É tudo verdade
Minto.Minto muito.Não por falha de caráter nem
desvio genético, mas pela minha condição que dizem ser a humana.Todos
mentimos desvairadamente ao longo de nossas vidas, seja por interesses
próprios ou mesmo coletivos.Sim, a mentira não é um mal em si e tem lá
seus valores , até mesmo altruísticos, eu diria. Mente-se por motivos
nobres, desde pequenas mentiras, como quando dizemos a um amigo feio e
limitado que ele tem lá suas virtudes de sedução, até por motivos
grandiosos, como quando damos um sorriso complacente de otimismo a um
doente terminal.
Os exemplos abundam e seria desnecessário desfiar o
rosário de pequenas e grandes mentiras necessárias. Mas a mentira também
é um fator de sustentação social.Sem hipocrisia, claro, não haveria
civilização, já dizia não sei quem com muita propriedade.Imagine se
todos nós nos falássemos a verdade sobre o que pensamos uns dos outros o
tempo todo?Não sobraria um ser vivo na terra.Quem já não quis esganar
um parente, um grande amigo ou uma namorada por certas diferenças? Mas
não esganamos; sempre é de bom tom darmos um sorriso complacente e
perdoarmos aquilo que não compensa a perda de uma amizade ou de um amor.
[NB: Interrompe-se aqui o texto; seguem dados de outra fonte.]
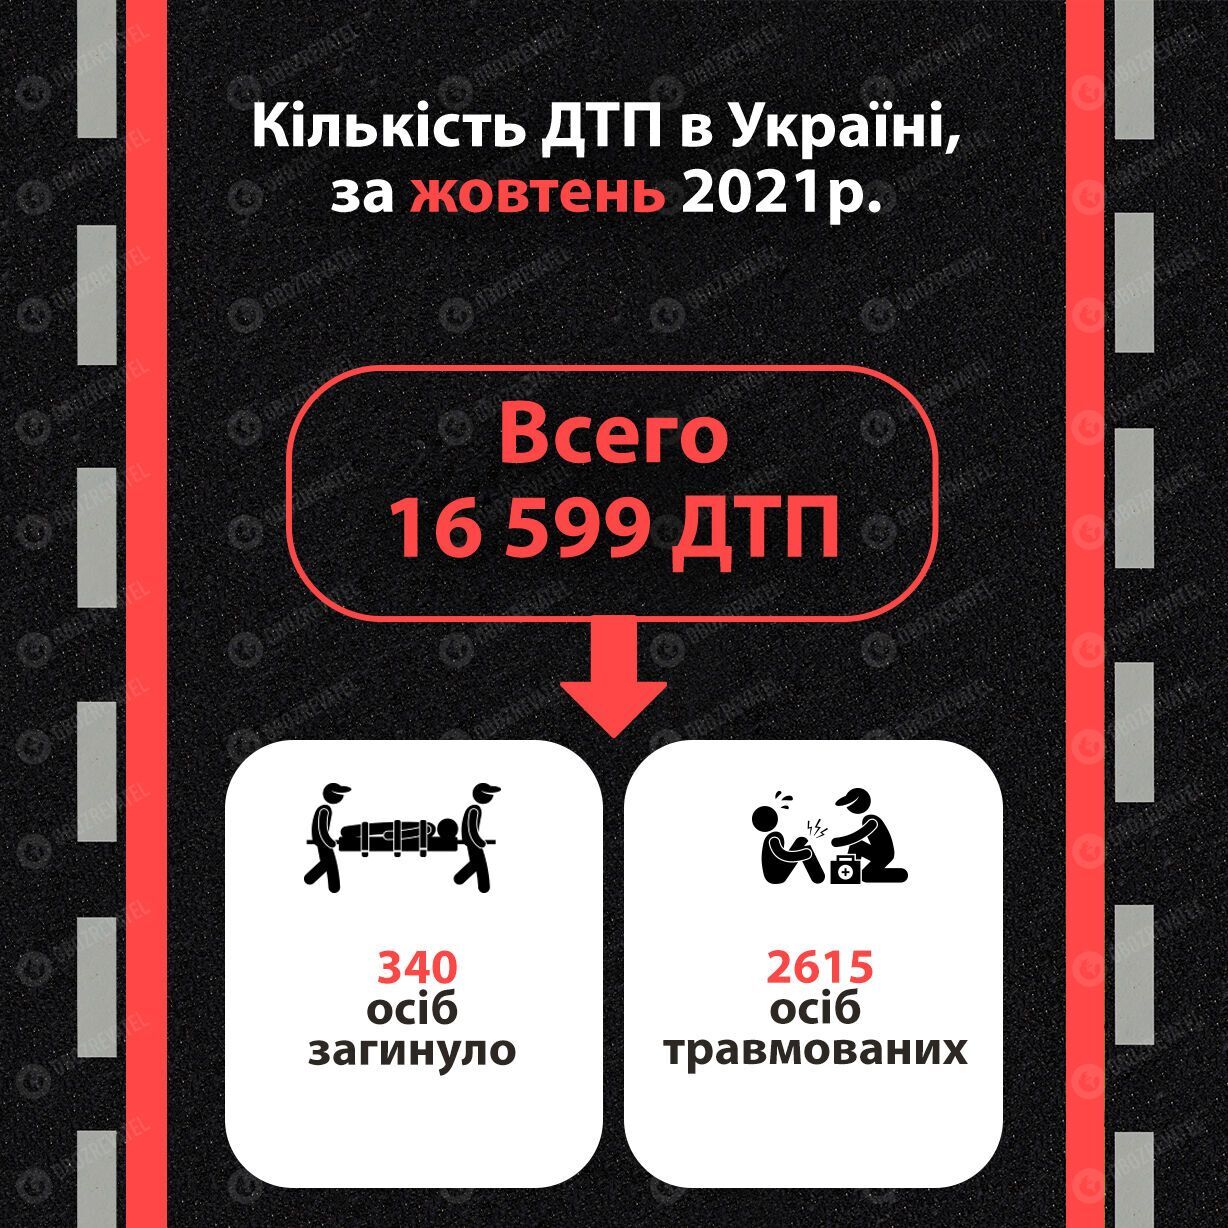 Статистика ДТП в Україні за жовтень 2021 року

A sinceridade desbragada é um mal tão grande quanto a
mentira deslavada.Até por que a sinceridade é uma meta utópica.Ninguém
se conhece suficientemente bem para poder dar uma opinião precisa de si
mesmo, não?Então como podemos ser verdadeiros a respeito do que nos é
alheio?Posto que ninguém conhece a verdade sobre si, o conceito de
sinceridade torna-se primitivo.A plena sinceridade nada mais é que a
exteriorização de nossos instintos primitivos sobre nossas
impressões daquilo que intuímos.E em nome desta suposta
virtude, ‘’a sinceridade’’, chegamos a magoar pessoas e destruir egos.A
sinceridade , se não dosada e devidamente amestrada, nada mais é que uma
grosseria retumbante, originária de nossa vaidade em cuspir nossas
pequenas verdades pessoais a quem quer que seja. Sinceridade em excesso é
exibicionismo patológico.
Aprendi a duras penas que o único tipo de sinceridade
absolutamente possível só se dá no amor, no ato de amar.Quando amamos
alguém, somos forçados a sermos sinceros, a evidenciarmos nosso
sentimento.O amor é uma verdade primitiva que prescinde de explicações
lógicas, que fala por si; é a única verdade possível que , por
conseguinte, nos fornece o único meio real de sermos absoluta e
visceralmente sinceros sem exaltarmos nosso ego, sem prejuízo de
causa para a verdade, porque o amor é a única verdade que
existe(sinceridade e a verdade-em si- não são a mesma coisa).Justamente
porque amar é a única forma de se desprender do próprio ego, é a única
vez em que nos preocupamos mais com algo externo(o ‘’objeto’’ amado)que
conosco. E digo mais: este tipo de sinceridade, a do amor, em geral não
nos trás nenhuma recompensa.Ao contrário: nos expõe a fragilidade,
nos coloca nús, à deriva, à mercê da própria sensação de impotência, à
mercê da pessoa amada;é um tipo de sinceridade incondicional, que se
impõe a todos os que amam, por isto a única sinceridade
verdadeira.Acreditem-me, falo por experiência própria.Só se é sincero de
fato quando se ama.Estou sendo absolutamente sincero.